Prediction results are stored in prediction_results_1, prediction_results_2, and prediction_results_3 for dataset 1, dataset 2, and dataset 3, respectively.

# 5. Evaluating predictive performance

Now let's evaluate the predictive performance:

In [None]:
def cm_evaluation(df:pd.DataFrame):
    """Confusion matrix evaluation
    """      
    print("-----------------------------------")
    
    print("2. ETU's confusion matrix result:")   
    confusion_etu = multilabel_confusion_matrix(df['target_class'], df['prediction_target_class'])
    print("a. CN's confusion matrix:")  
    df_cn = pd.DataFrame(confusion_etu[0], columns = ['True','False'], index = ['Positive','Negative'])
    print(df_cn)
    print("b. CR's confusion matrix:") 
    df_cr = pd.DataFrame(confusion_etu[1], columns = ['True','False'], index = ['Positive','Negative'])
    print(df_cr) 
    print("c.
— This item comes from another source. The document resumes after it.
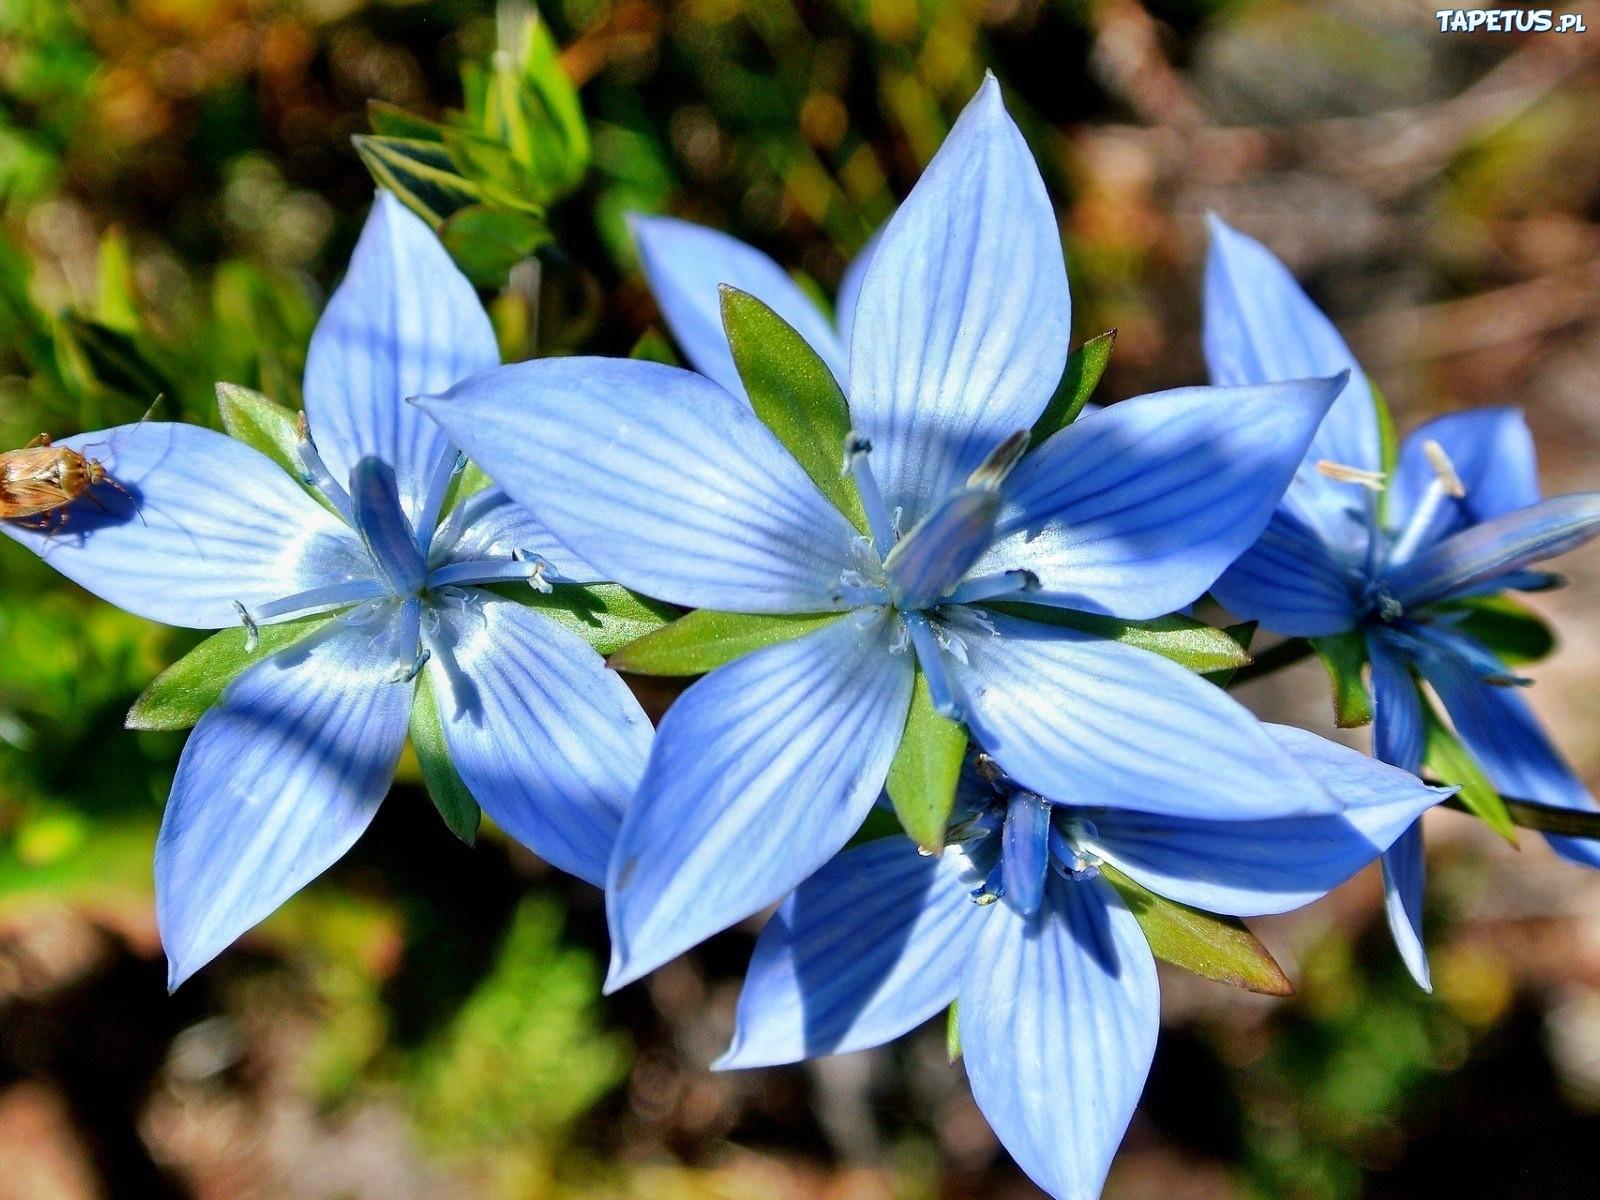 ... www.zdjecia.biz.pl/zdjecia/duze/kwiaty-niebieskie-abstrakcja-1.jpeg

TN's confusion matrix:")
    df_tn = pd.DataFrame(confusion_etu[2], columns = ['True','False'], index = ['Positive','Negative'])
    print(df_tn) 
    print("d. TR's confusion matrix:") 
    df_tr = pd.DataFrame(confusion_etu[3], columns = ['True','False'], index = ['Positive','Negative'])
    print(df_tr)
    
    print("===================================")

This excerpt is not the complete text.